Age-Banding for Children’s Books

Here’s a link to an article from British newspaper, The Sunday Telegraph, regarding the proposal made by most of the large publishers to begin banding children’s books with age-appropriate tags, and what author Philip Pullman has to say about it.

This would mean, that without prior author approval or input, books would be labeled +7, +9, +13/teen and so on.
With so many children turning away from reading I think the last thing we should be doing is to be directing them in any way to the books some authority feels they should be reading at a certain age. Let’s keep it wide open. Let kids read the books they’re ready to read when they want to. Let’s not squash that desire, that joy of discovery, that independence that allows a child to explore and choose their own book. Children vary so widely within their age groups anyway that the proposal is ludicrous. And this sort of smacks as censorship or a set-up for censorship in some way.
I grew up with two teacher parents and nothing was forbidden to me. It was not dictated when I could read a book. I made my way from my bookshelves to theirs in a kind of serpentine, organic ramble picking up books with an avid curiosity and the knowledge that a wealth of discovery lay within my reach. If a book’s themes were too mature then I put that book back on the shelf and came back to it when I was ready. I made my own choices.

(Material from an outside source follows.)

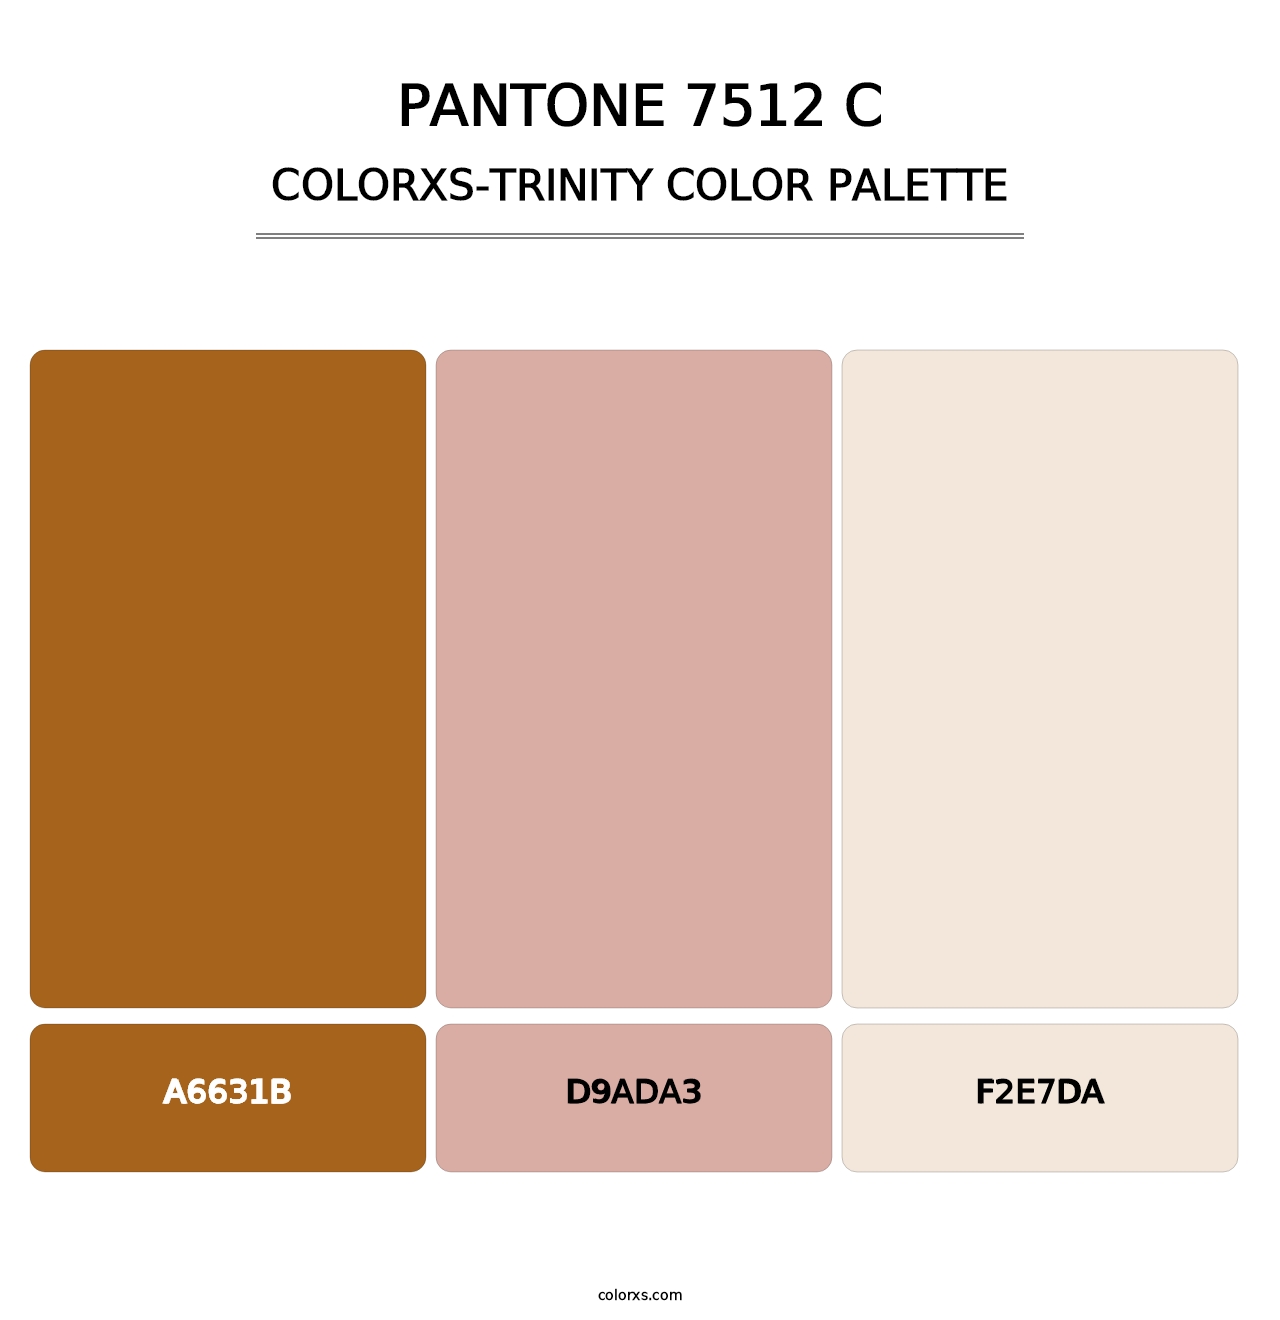 PANTONE 7512 C - Colorxs Trinity Palette

2 thoughts on “Age-Banding for Children’s Books

  1. According to Fiona MacCarthy in her biography William Morris (pp. 5-6), Morris started to read Sir Walter Scott at the age of four and had (he claimed later) read all the Waverley novels by the age of seven. “He went on and on reading Walter Scott for ever…. Books to Morris had a magic.”

    Morris was born in 1834, so there were not very many children’s books around. He could not remember being taught to read; “nor could he envisage a time when he did not.”

  2. Yes, that’s a good point. Reading certain books at different stages in one’s life is a wonderful experience. Philip Pullman’s His Dark Materials is a good example of this. One could read it at ages 10, 13, 18, as an adult.
    Or the books which are now classified as children’s books largely because of the subject matter (eg. they have elves, talking rabbits and wizards in them)- like The Hobbit, Lord of the Rings, Alice in Wonderland- but which were not necessarily intended by the author to be so labeled. Just think how much of the inner meaning you would miss if you only read Alice in Wonderland at age 11 and never again because it was labeled with a big sticker saying +11.